_Task brief_: What you return should match the material below line for line, except that no image appears in it.

_Supplied entries_:
=== Section Start ===

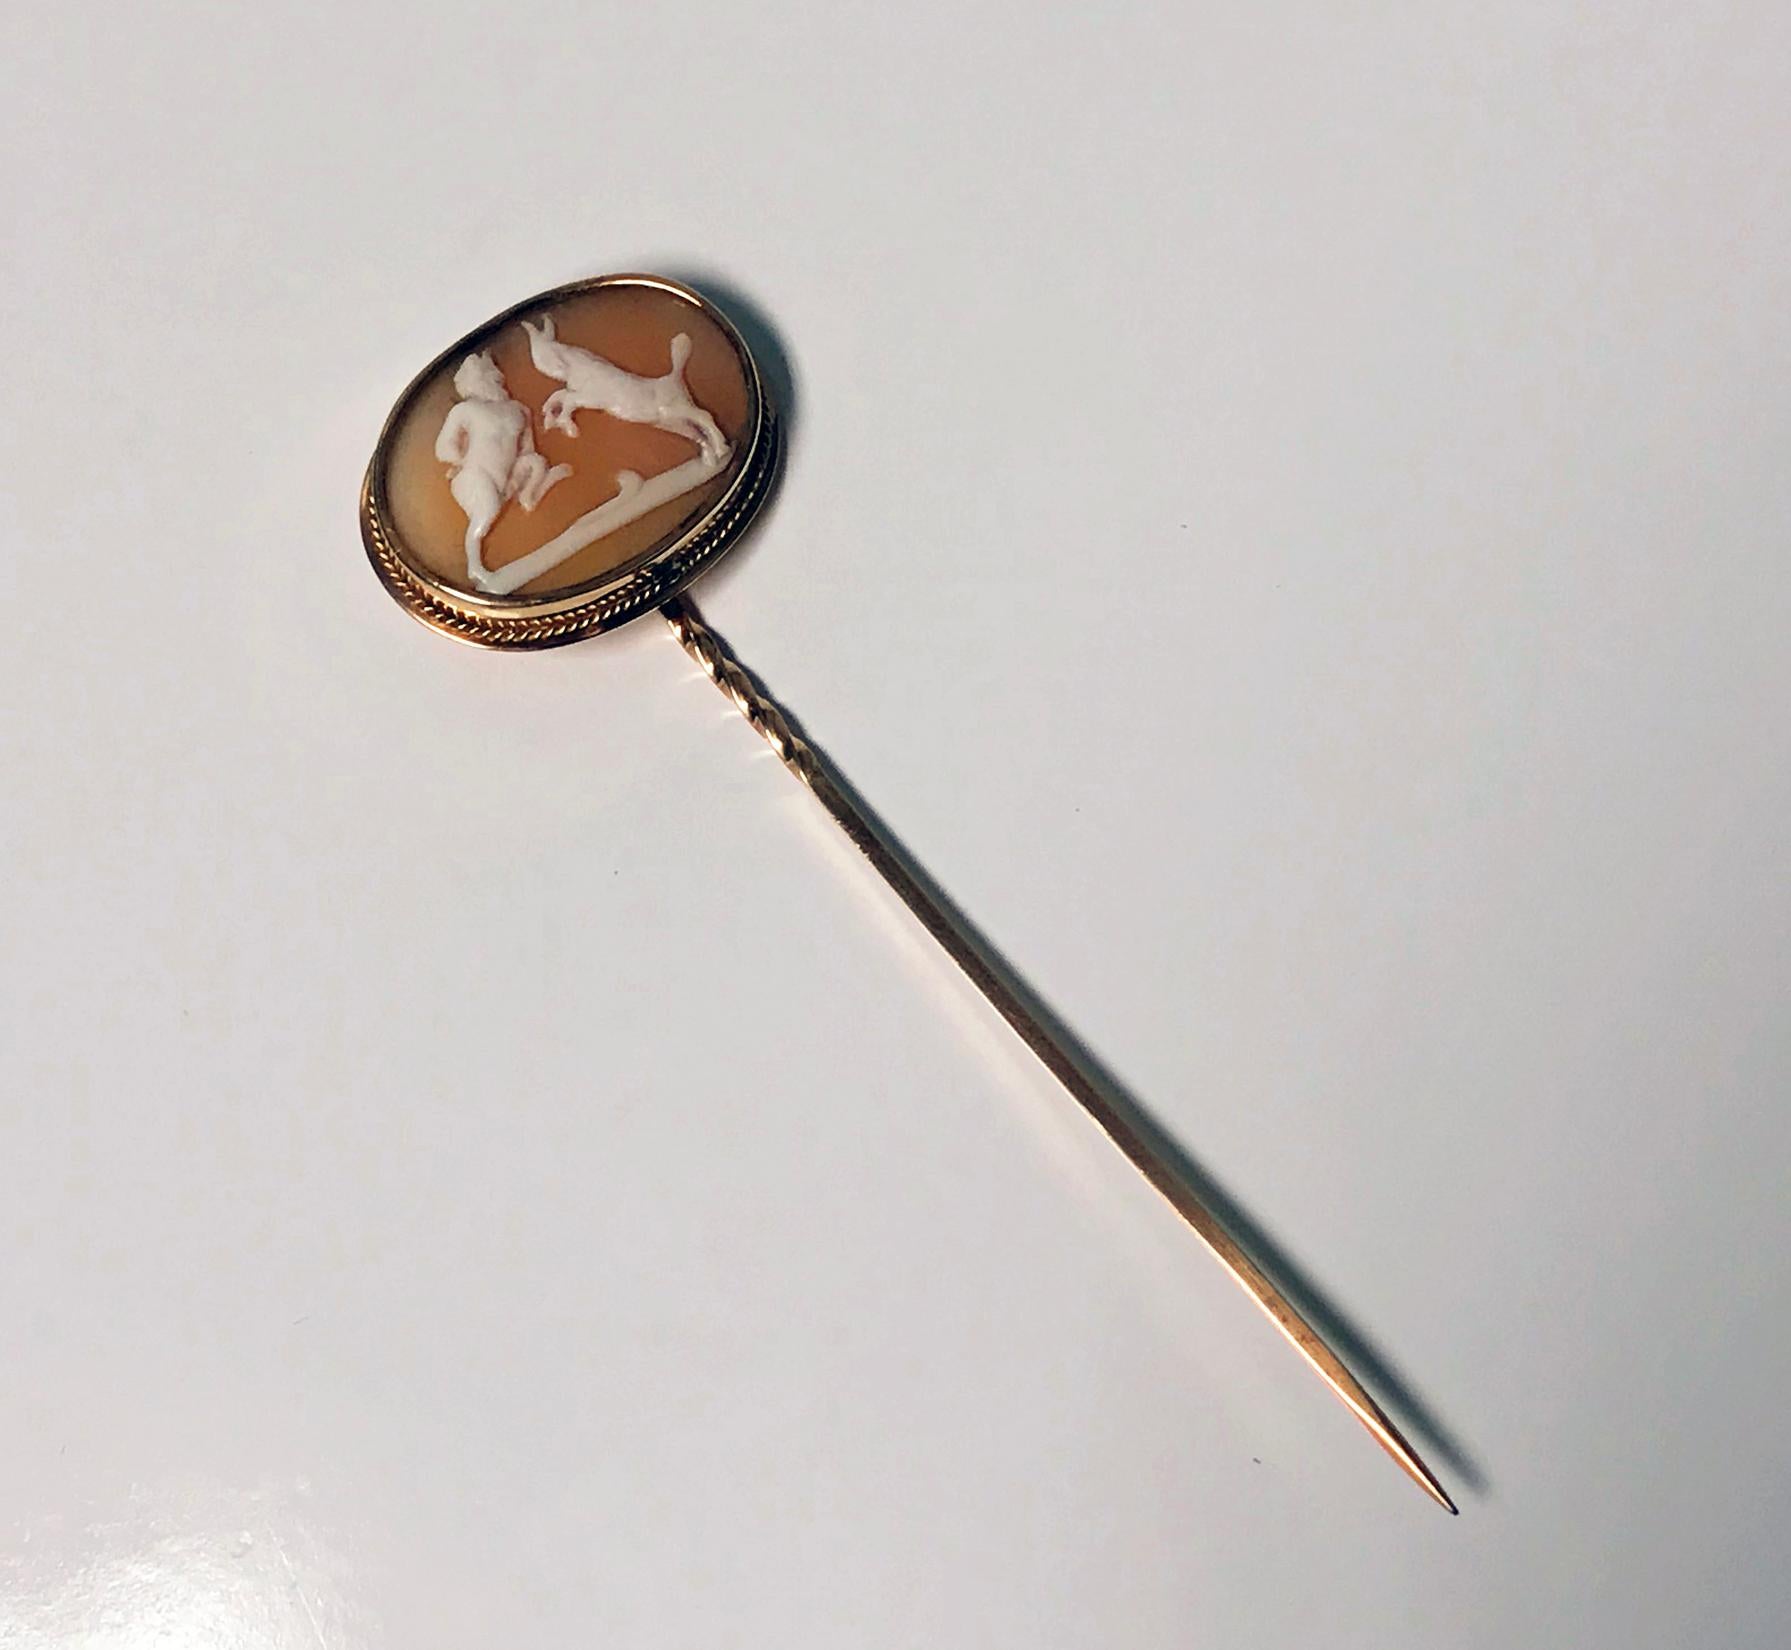 Fine Antique Cameo Stickpin mounted in 15K (acid tested) rose Gold, C.1875. The shell cameo well carved depicting a Satyr sparring with a Goat, oval shape the surround gold bezel with fine rope border. Length: 3.5 inches. Cameo itself measures:
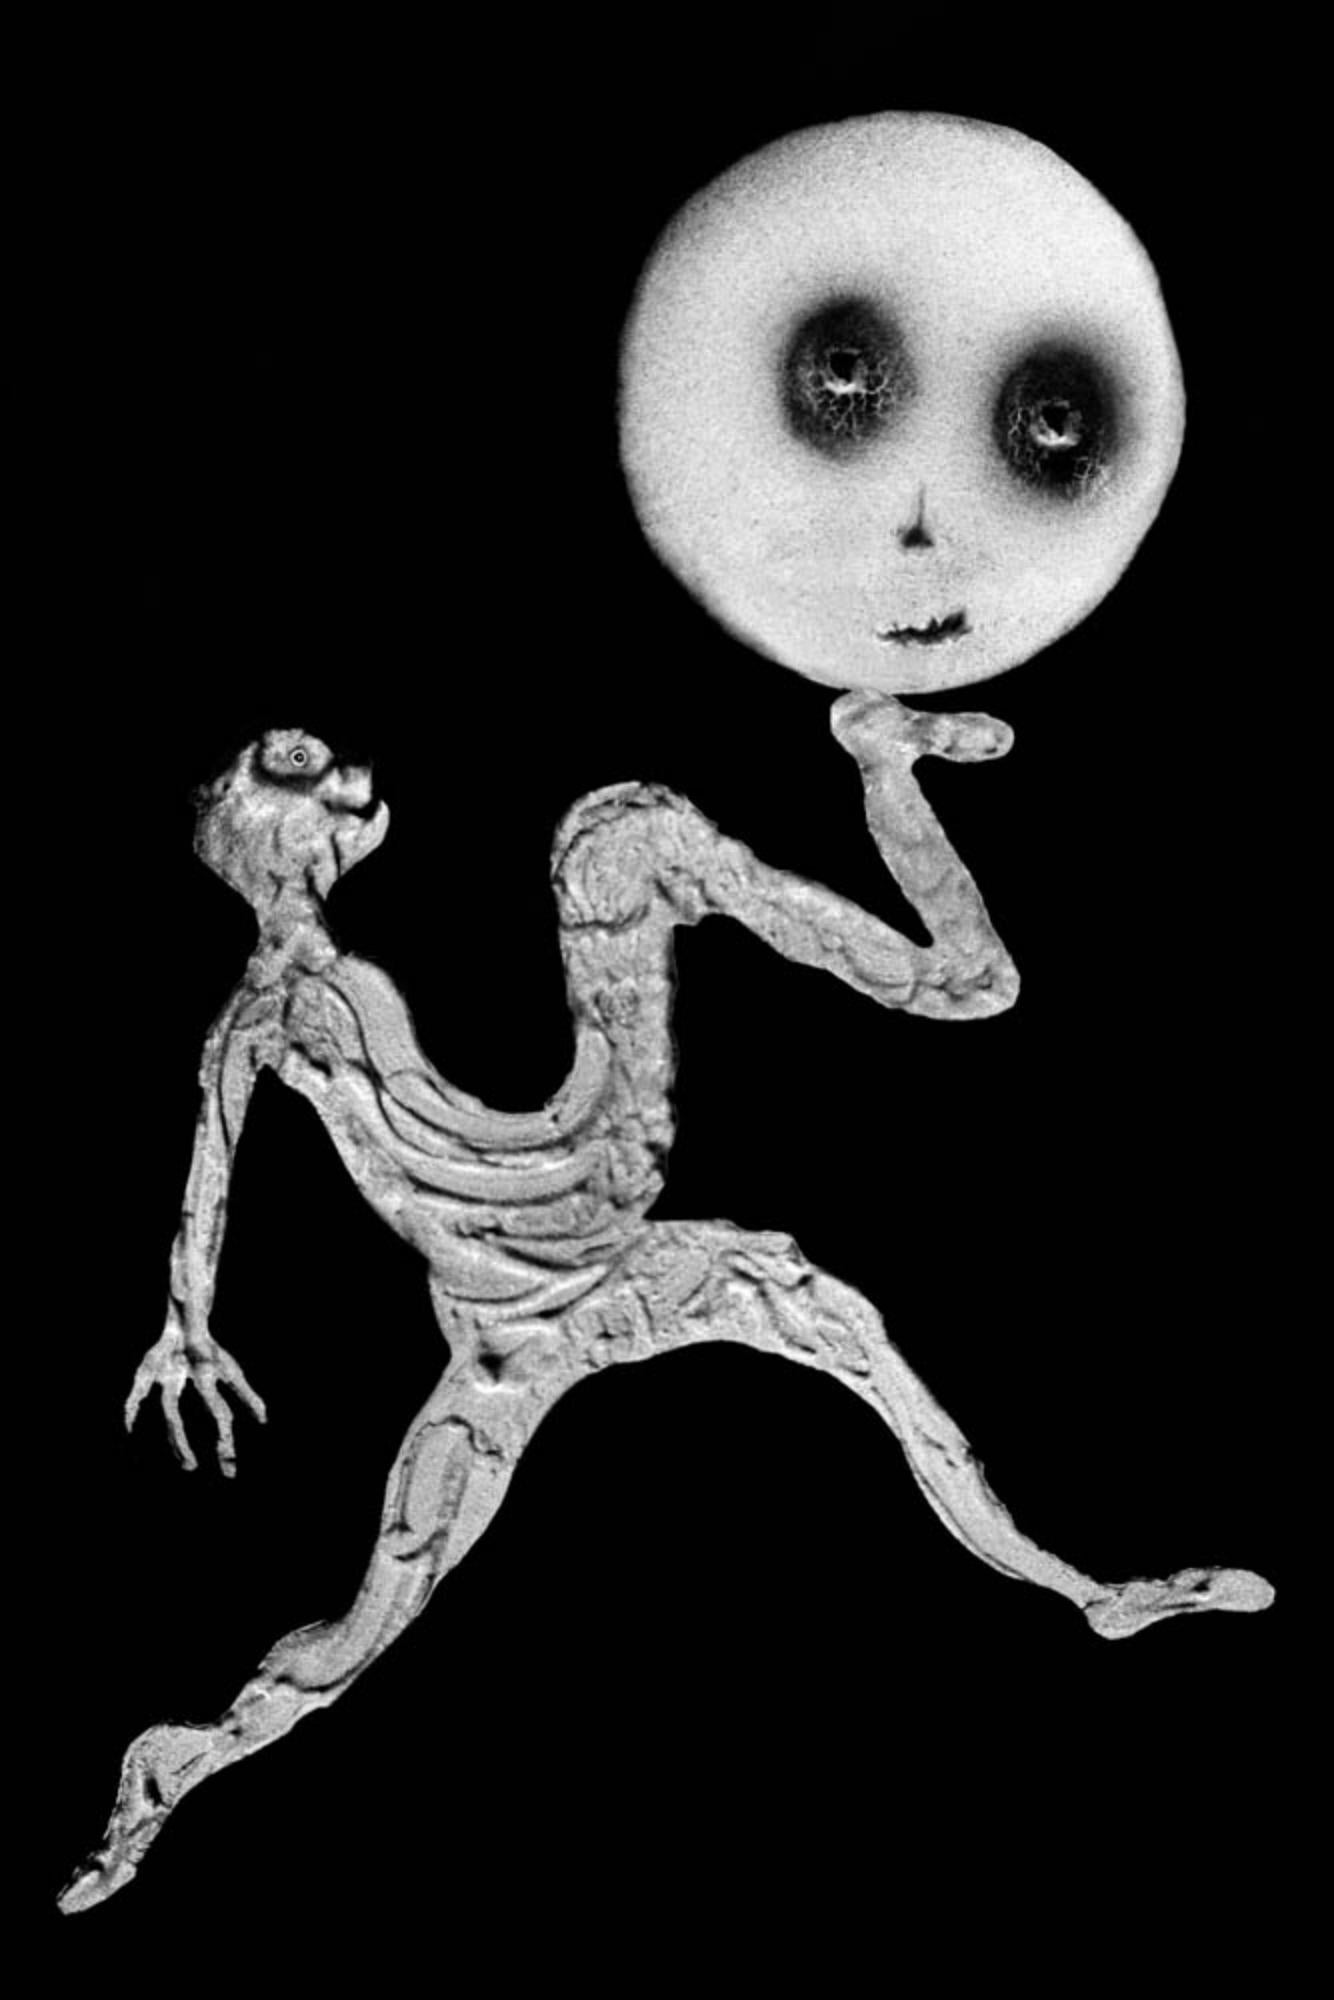 Roger Ballen
Moonrise, from the series 'The Theatre of Apparitions', 2011
One sided Texflex Lightbox, Powder coated Ferro Black
Lightbox 100 x 86 x 9 cm (39 3/8 x 33 7/8 x 3 1/2 in.)
Edition of 3 (#1/3)

All lightboxes can also be purchased as a

=== Section End ===

_Written reply_:
 Fine Antique Cameo Stickpin mounted in 15K (acid tested) rose Gold, C.1875. The shell cameo well carved depicting a Satyr sparring with a Goat, oval shape the surround gold bezel with fine rope border. Length: 3.5 inches. Cameo itself measures:
 Roger Ballen
Moonrise, from the series 'The Theatre of Apparitions', 2011
One sided Texflex Lightbox, Powder coated Ferro Black
Lightbox 100 x 86 x 9 cm (39 3/8 x 33 7/8 x 3 1/2 in.)
Edition of 3 (#1/3)

All lightboxes can also be purchased as a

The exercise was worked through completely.